Mesmo prestes a iniciar a década de 20 do século XXI ainda se mantêm a desafortunada prática da medicina baseada em eminência na perícia judicial, que consiste na seguinte disposição:

1) O indivíduo A é (alegou ser) uma autoridade no assunto X.
2) O indivíduo A faz afirmação W sobre assunto X.
3) Logo, W é verdade.

É uma improbidade intelectual esse apelo à autoridade, por parte de indivíduo solipsista com o argumento frágil e retórico da experiência pessoal de décadas ou pelo número de milhares de perícias realizadas para basear sua conclusão. Frequentemente não é possível nem ao mesmo provar a atuação de forma contínua, efetiva e de alta densidade em todas décadas que alega ou que realizou pessoalmente os milhares de exames periciais que alardeia, não passando de mera alegação que não vem carreada de comprovação contundente e incontroversa em ato contínuo. Certas vezes até enveredou para o empreendedorismo, dedicando-se a outras atividades, mesmo assim contando esse tempo de vida como experiência profissional e utilizando como argumento para firmar uma conclusão que deveria ser técnica ou científica.

Não é incomum um assistente técnico utilizar a estratégia falaciosa de tentar convencer o perito ou o outro assistente técnico de seu ponto de vista (e finalmente, o magistrado) em defesa de seu contratante, por argumento baseado em sua experiência pessoal de décadas de profissão, acreditando que irá encontrar o efeito Roma locuta, causa finita est. É o que Robert. M. Wachter (Goldman Cecil Medicina, 24 ed) chama de “medicina baseada em eminência”.

Juliana Midori Hayashide (São Paul, 2015, p. 133) cita Fletcher et. al. (2014) que abordam que “a ‘medicina baseada em eminência’, é representada por colegas mais experientes que acreditam que a experiência supera as evidências”.

Esse apontamento é mais um modo de expresssar a frase: “Você sabe com quem está falando”?

Acerca desse questionamento, Mário Sérgio Cortella (aqui) (re)lembra que:

“Você é um entre 6,4 bilhões de indivíduos [atuais, 7.6 bilhões] pertencente a uma única espécie, entre outras três milhões de espécies classificadas, que vive num planetinha, que gira em torno de uma estrelinha, que é uma entre 100 bilhões de estrelas que compõem uma galáxia, que é uma entre outras 200 bilhões de galáxias num dos universos possíveis e que vai desaparecer.” (CORTELLA)

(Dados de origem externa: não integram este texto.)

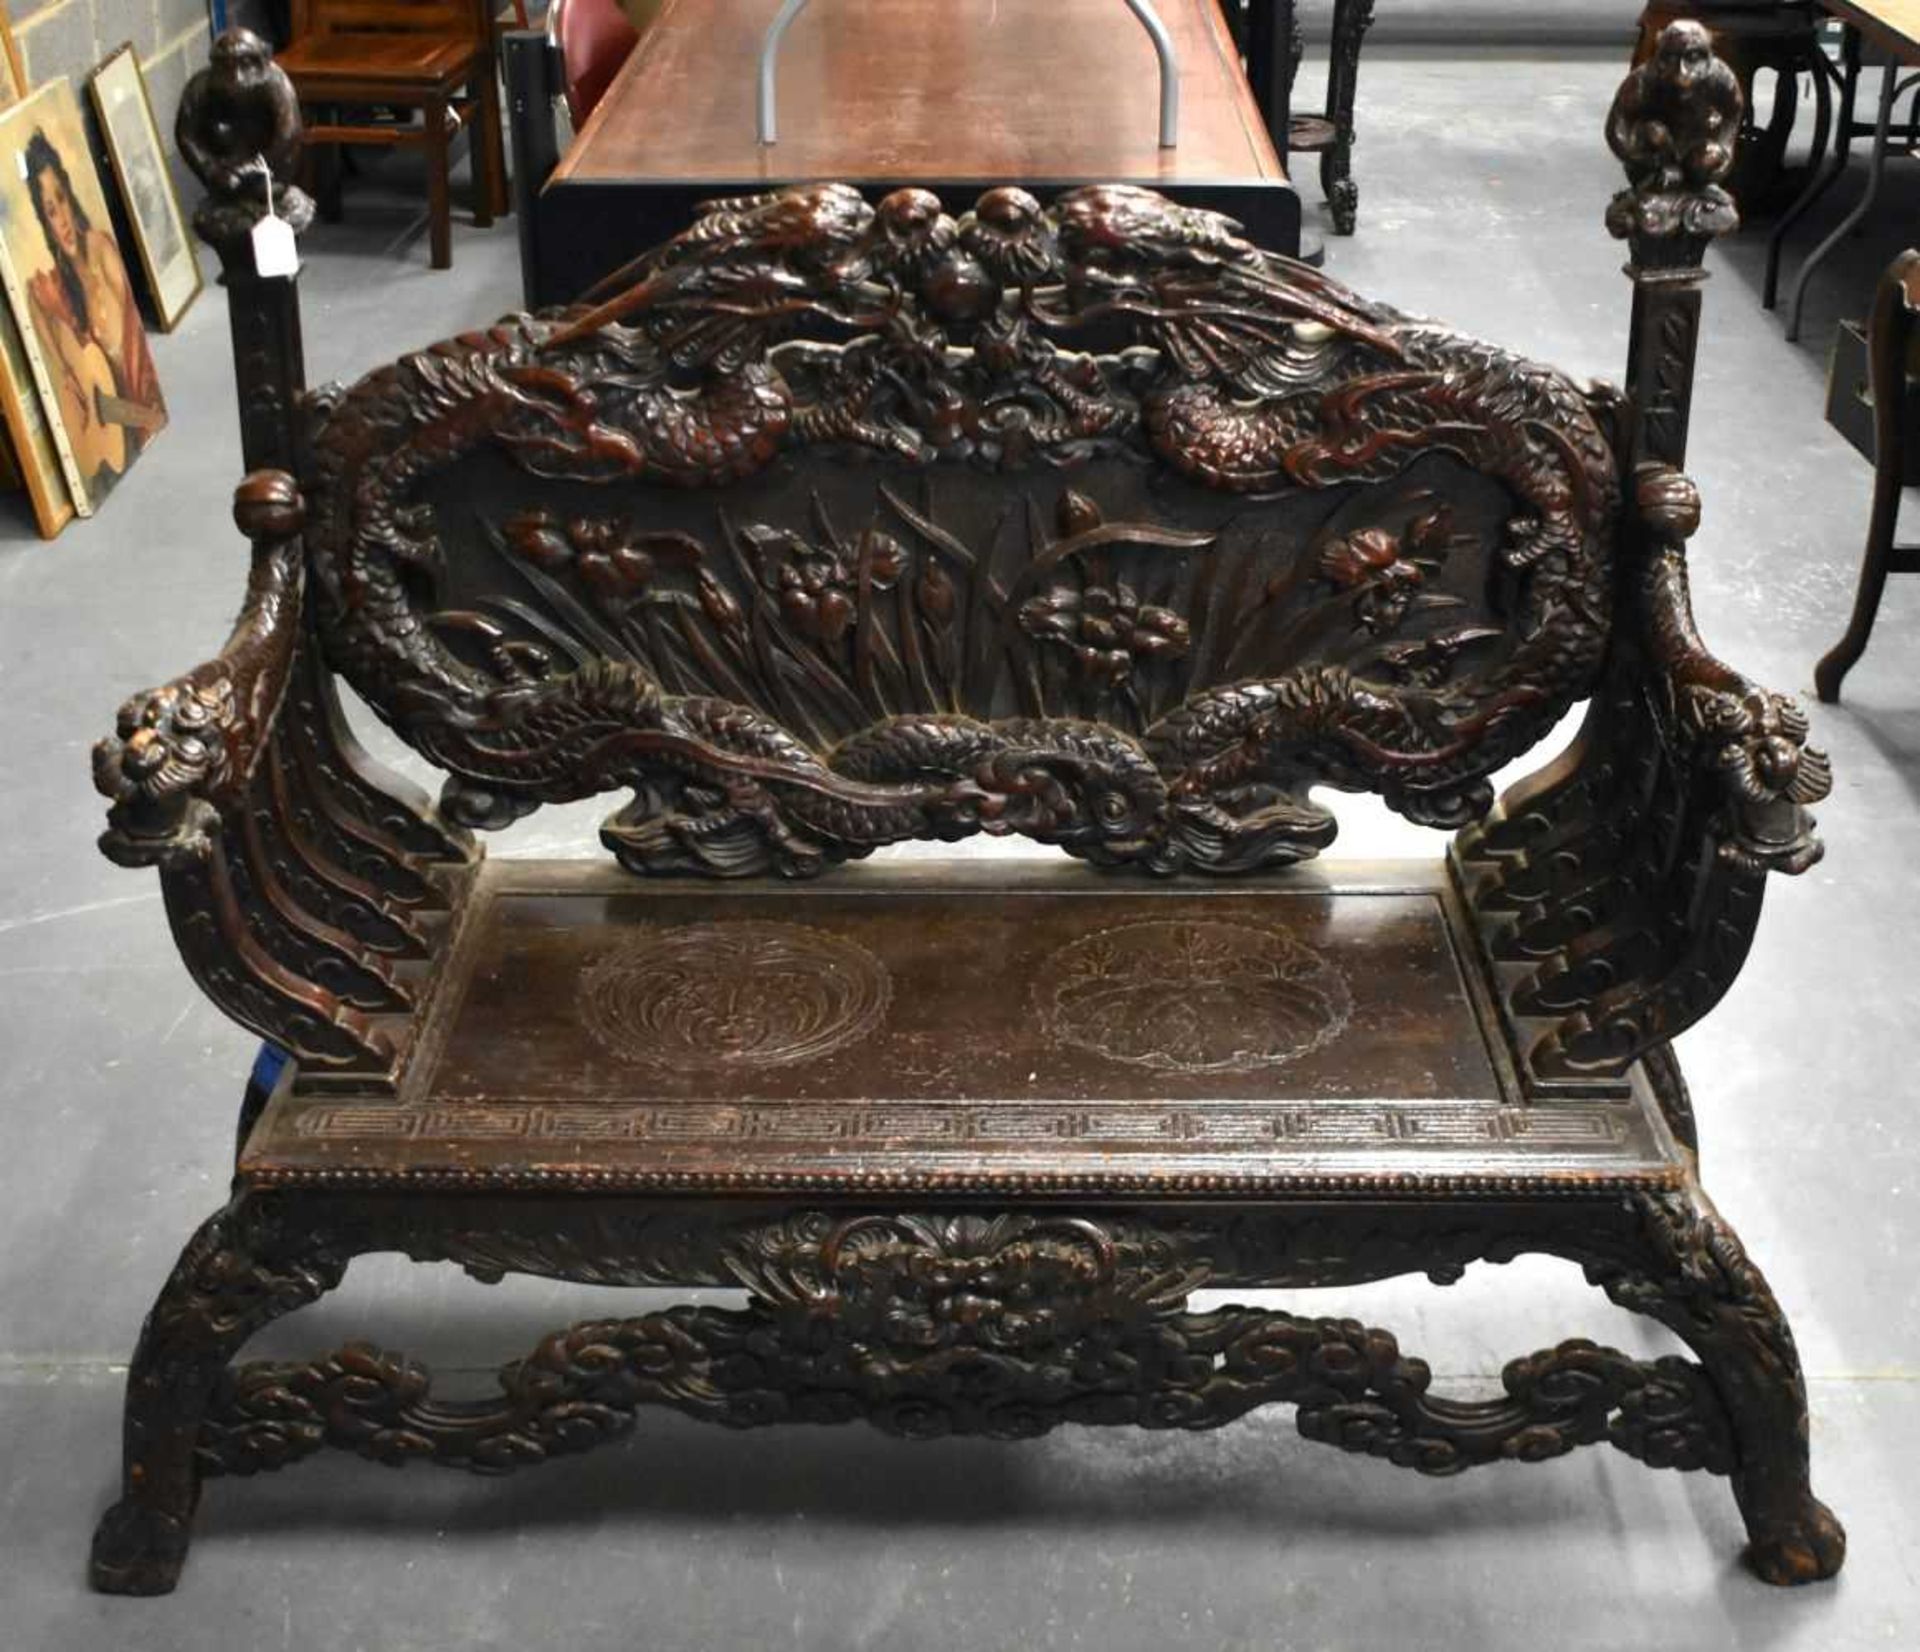 A LARGE 19TH CENTURY JAPANESE MEIJI PERIOD CARVED WOOD DRAGON BENCH. 125 cm x 125 cm.
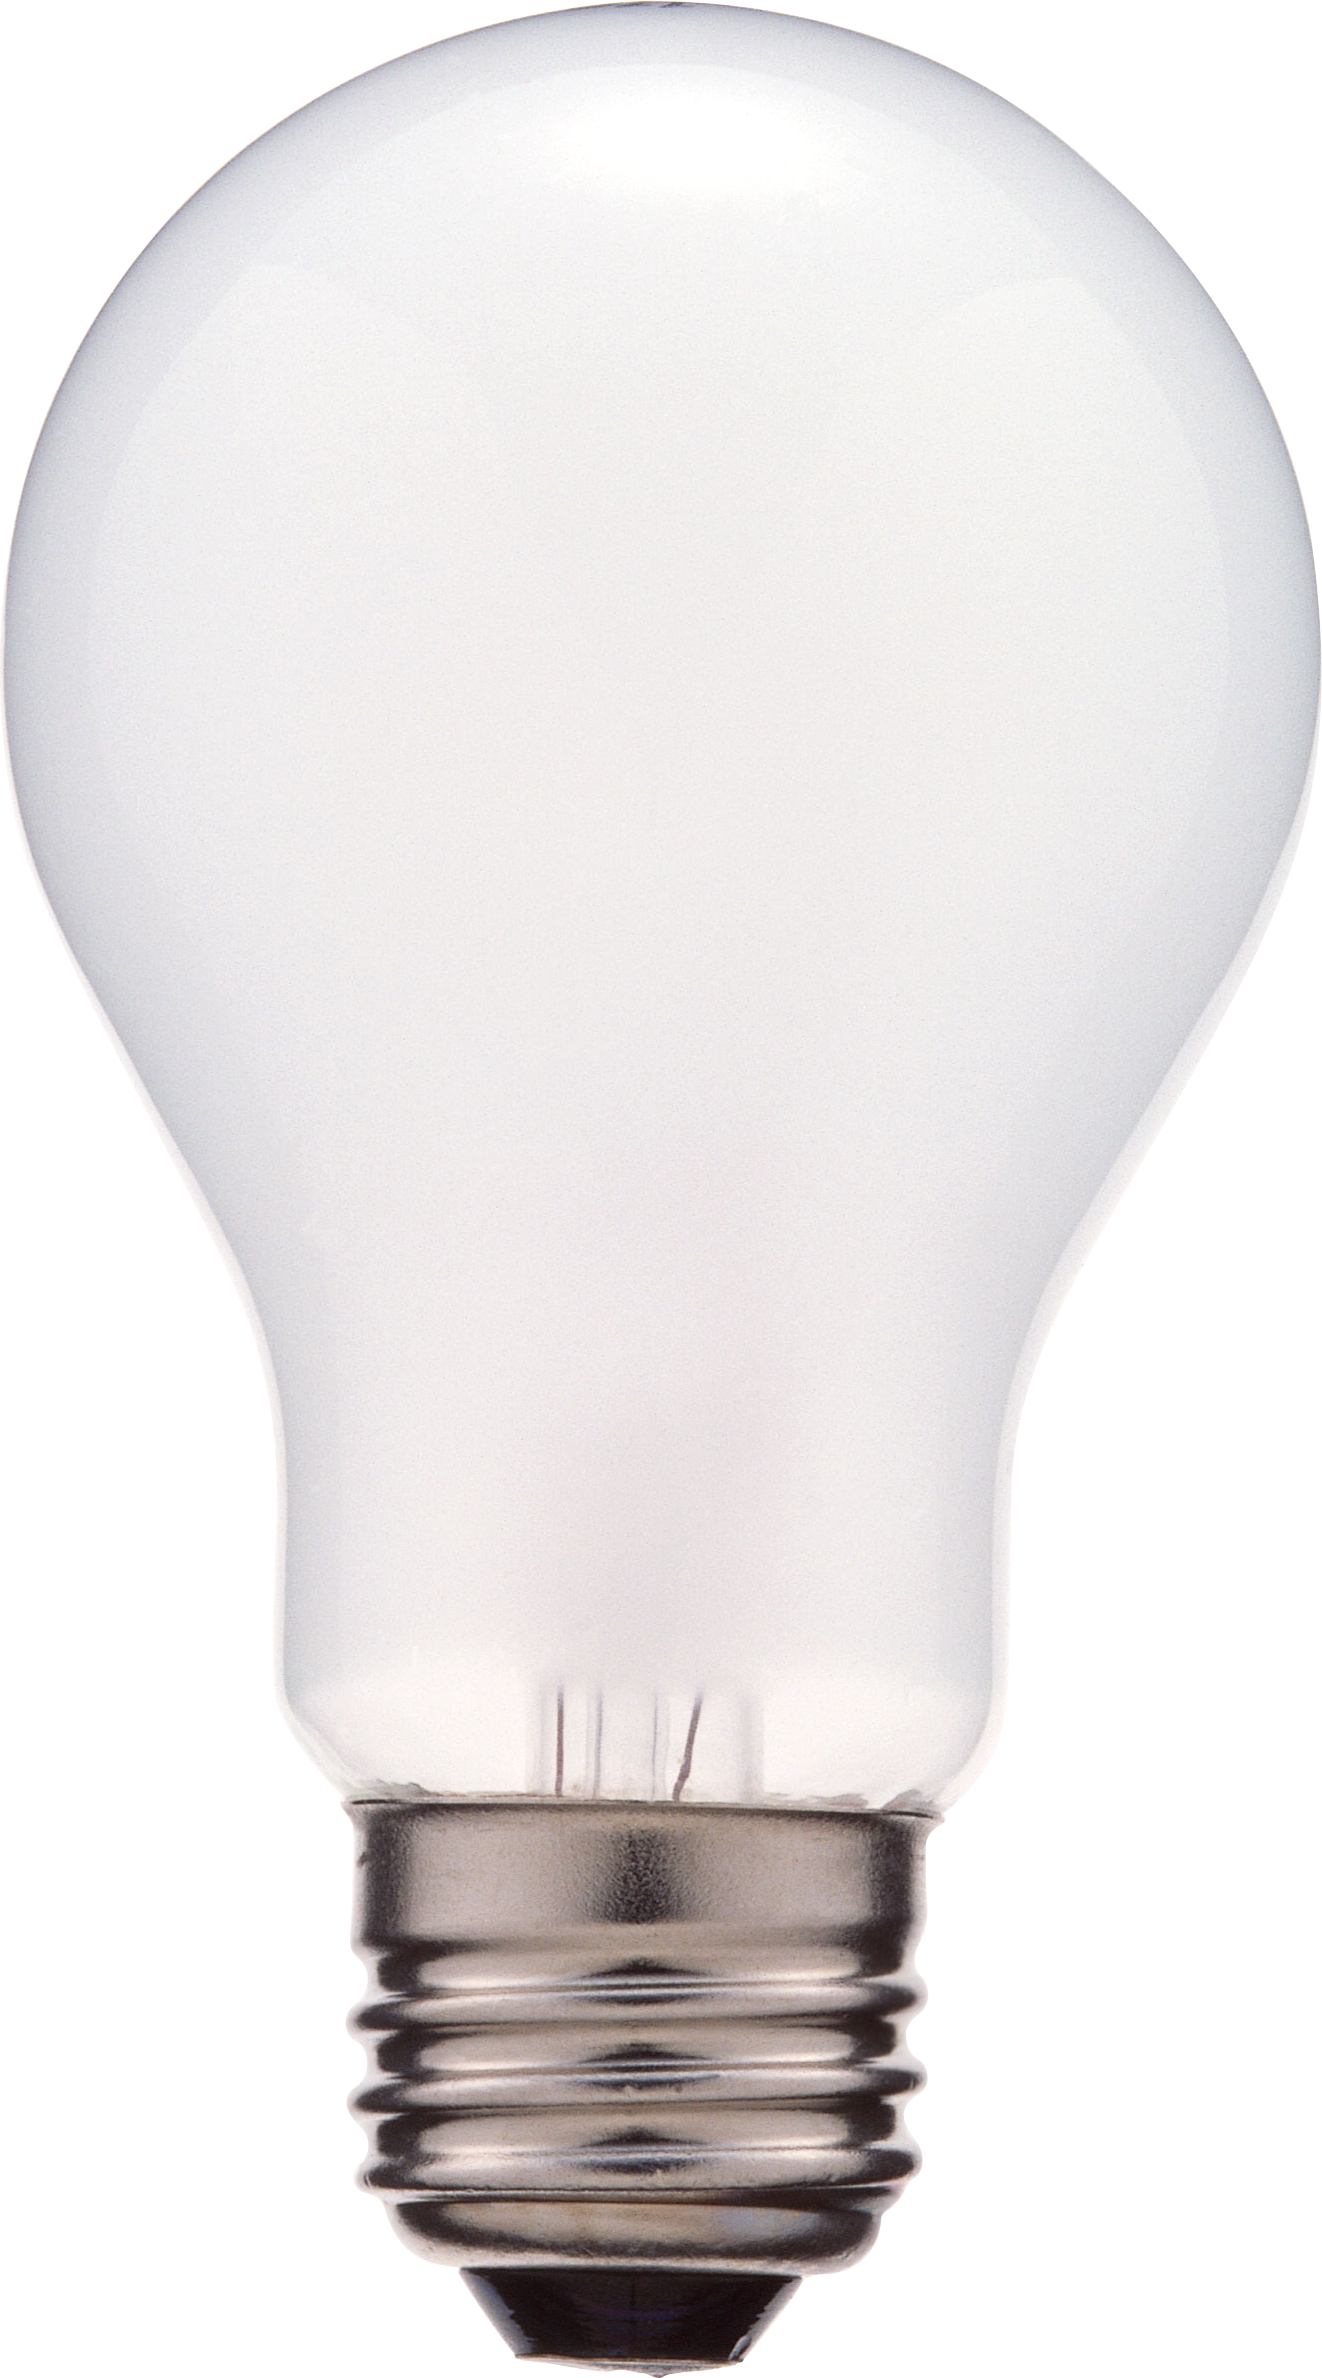 white bulb PNG

Gustavo Bernardo aponta que “O senso comum se apóia na noção de experiência para sustentar suas certezas, recorrendo ao clichê: ‘eu sei por experiência própria’. (Ed. Annablume, p. 92, grifo nosso)

Esse argumentum ad verecundiam continua a ser utilizado hodiernamente, tornando a discussão entre peritos e entre assistentes técnicos uma dialética erística, em tempos de relativismo. Revela nonsense e relutância de compreender o momento atual da sociedade acreditar que irá ludibriar pessoas letradas com o argumentum ad verecundiam no campo de discussão técnica pericial, afundado na alegoria dos macacos (aqui) ao supor que as coisas sempre se manterão sem crítica.

Acerca do relativismo que “cada um atribui os sentidos que quer” as coisas, elucida o corajoso jurista Lênio Streck (aqui):

“Ora, não haveria aí uma contradição insolúvel, isto é, se tudo é relativo, é exatamente por isso que não devo acreditar em uma decisão (ou escolha) feita a partir exatamente da… relatividade? Elementar, pois não? Se tudo é relativo, inclusive o emissor da mensagem acabou de dizer algo relativizável… Isso é o que se chama de uma contradição performativa.” (STRECK, 2013).

 De fato, por que o perito ou assistente técnico relativista que se funda na experiência pessoal para se fundamentar imagina que alguém irá acreditar em sua avaliação, se “inclusive o emissor da mensagem acabou de dizer algo relatizável”?

O apelo à autoridade olvida que célebres pessoas tiveram destaque quando da juventude, o que seriam acusadas injustamente de pouca experiência pelos indivíduos que utilizam dessa falácia. Reitera-se que experiência não é condição necessária para maturidade, conhecimento e sabedoria.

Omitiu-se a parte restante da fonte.